WASHINGTON -- Vice President Joe Biden told Ukraine's president Wednesday the U.S. will send more aid to the country, which U.S. officials said will include small drones and armored Humvees.

The White House said in a statement that Biden delivered the news in a call to Ukrainian President Petro Poroshenko, while expressing concern that Russian-backed separatists are violating cease-fire agreements in eastern Ukraine and keeping out international monitors.

Flash Points: How much longer can the White House try diplomacy in Ukraine? 04:24

U.S. officials, speaking on a condition of anonymity because they weren't authorized to discuss the aid on the record, said the aid includes some small Raven drones systems, which can be launched by hand. The U.S. will also send 30 heavily armored Humvees and 200 other regular Humvees, as well as radios, counter-mortar radars and other equipment. All of the aid is nonlethal, and the drones are not armed.

The drones and other equipment, not including the Humvees, are worth about $75 million. It's not clear how many drones would be sent or what the Humvees cost.

U.S. lawmakers from both the Democratic and Republican parties have repeatedly urged Obama to provide Ukraine with lethal weapons to defend themselves against the Russian-backed rebels.

Victoria Nuland, assistant secretary of state for European and Eurasian affairs, told the Senate Foreign Relations Committee Tuesday that administration officials are still discussing lethal assistance and are watching whether the so-called Minsk agreements, which led to last month's cease-fire, are implemented. Nuland said that in the past few days, there have been new transfers of Russian tanks, armored vehicles, heavy artillery and rocket equipment over the border to the separatists in eastern Ukraine.

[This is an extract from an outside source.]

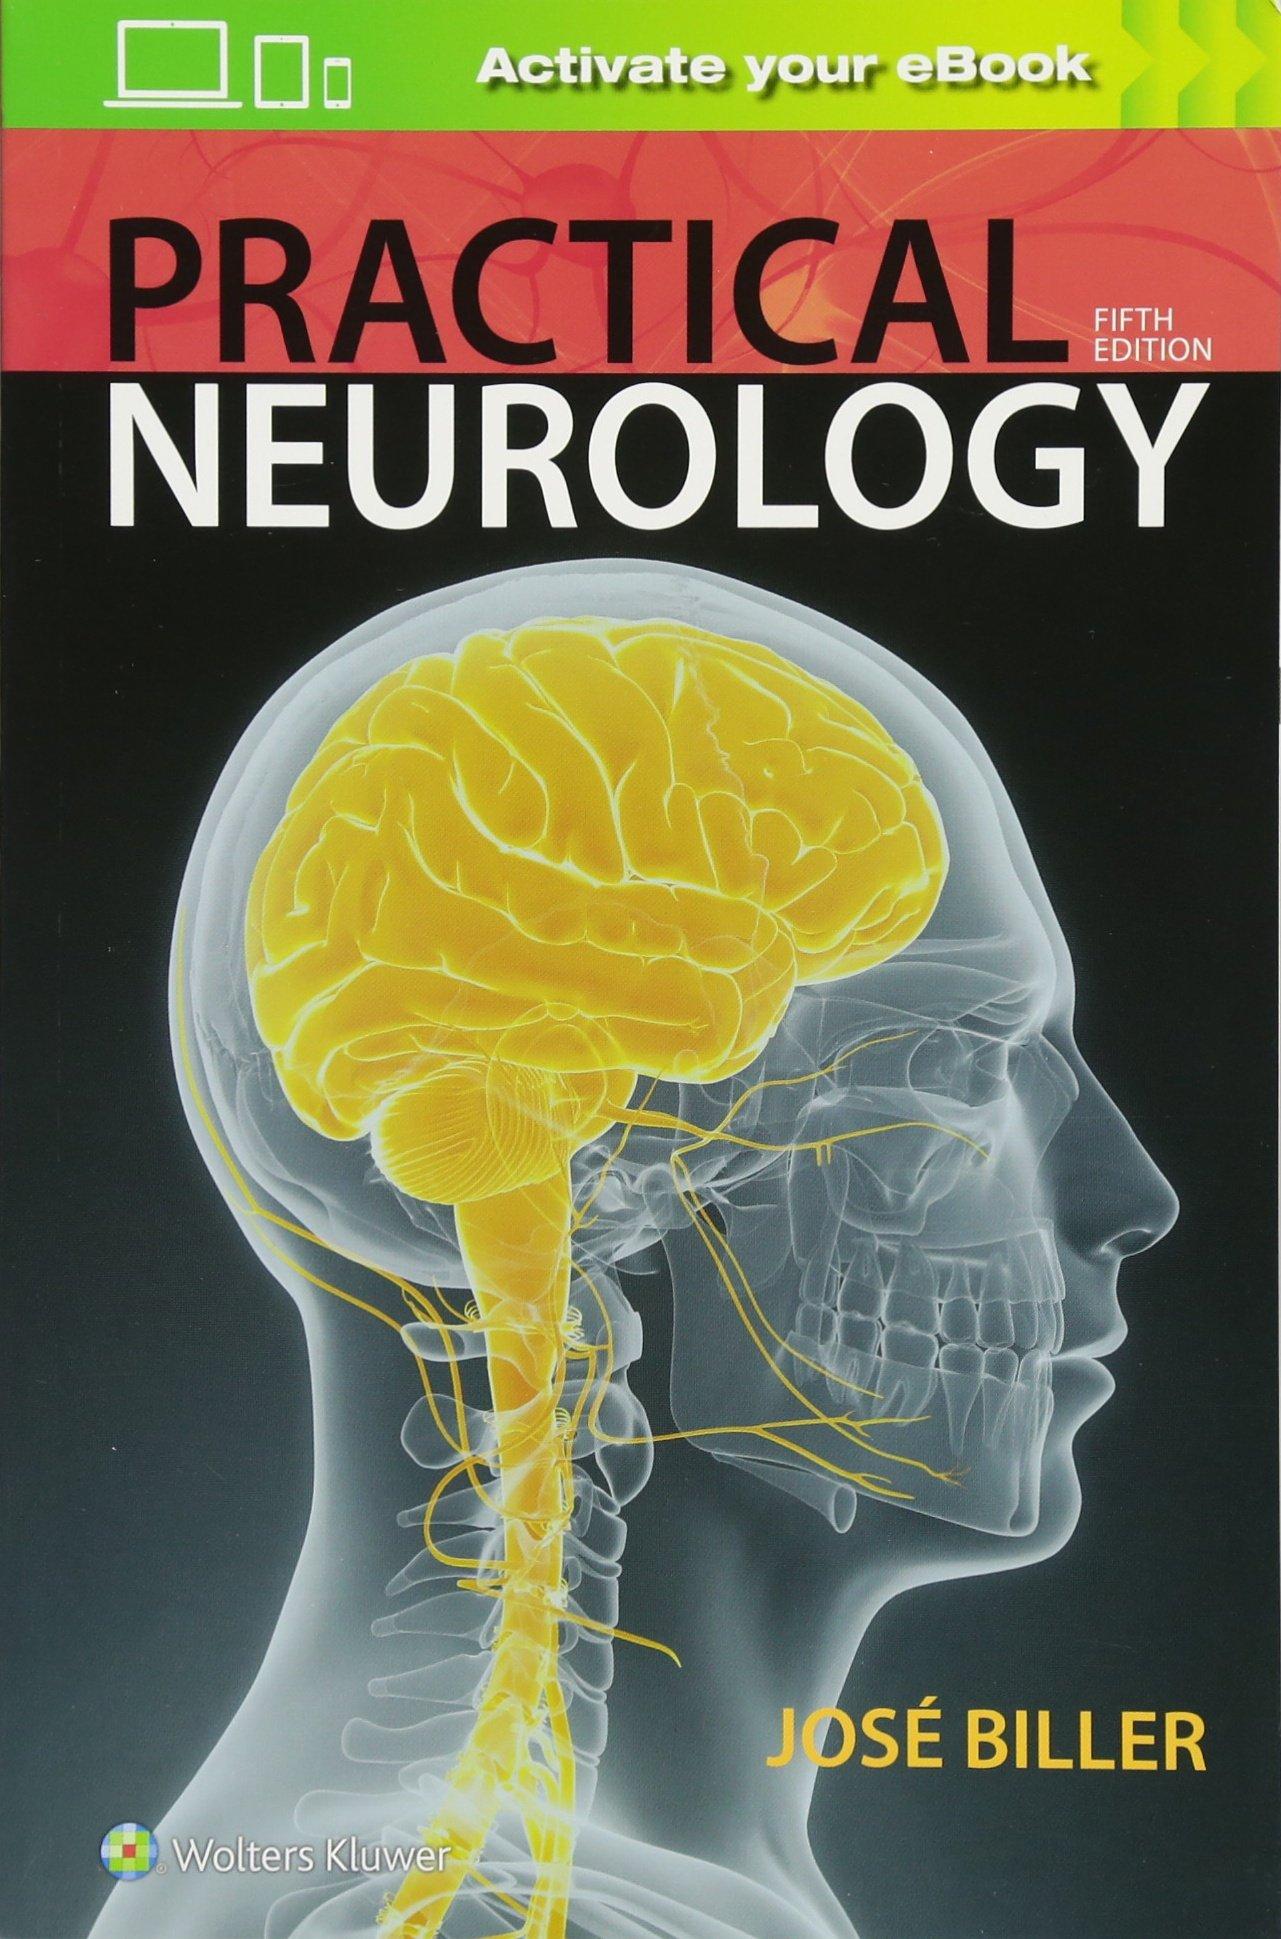 Practical Neurology Amazon De Jose Biller Fremdsprachige Bucher

Russian President Vladimir Putin denies arming rebels in the war in eastern Ukraine, which has killed more than 6,000 people and forced over a million to flee their homes. The fighting began in April, a month after Russia annexed the mostly Russian-speaking Crimean Peninsula.

Meanwhile, the U.S. is slapping new sanctions on several individuals and entities involved in supporting Russian-backed separatists seeking to destabilize eastern Ukraine.

The penalties target 14 Ukrainian and Russian individuals. Among them are the former prime minister of Ukraine and two others high-ranking officials who worked for former Ukrainian President Viktor Yanukovych.

The U.S. is also blocking the assets of a bank operating in Crimea, the strategically important peninsula that Russia annexed from Ukraine last year. The Eurasian Youth Union, which the U.S. says has been actively recruiting individuals with military and combat experience to fight in Ukraine, is also being sanctioned.

According to Reuters, Russian Deputy Foreign MinisterSergei Ryabkov called the new U.S. sanctions "unexplainable," Interfaxnews agency quoted him as saying.

President Barack Obama and European leaders have wielded sanctions as their main form of retaliation for Russia's threatening moves in Ukraine.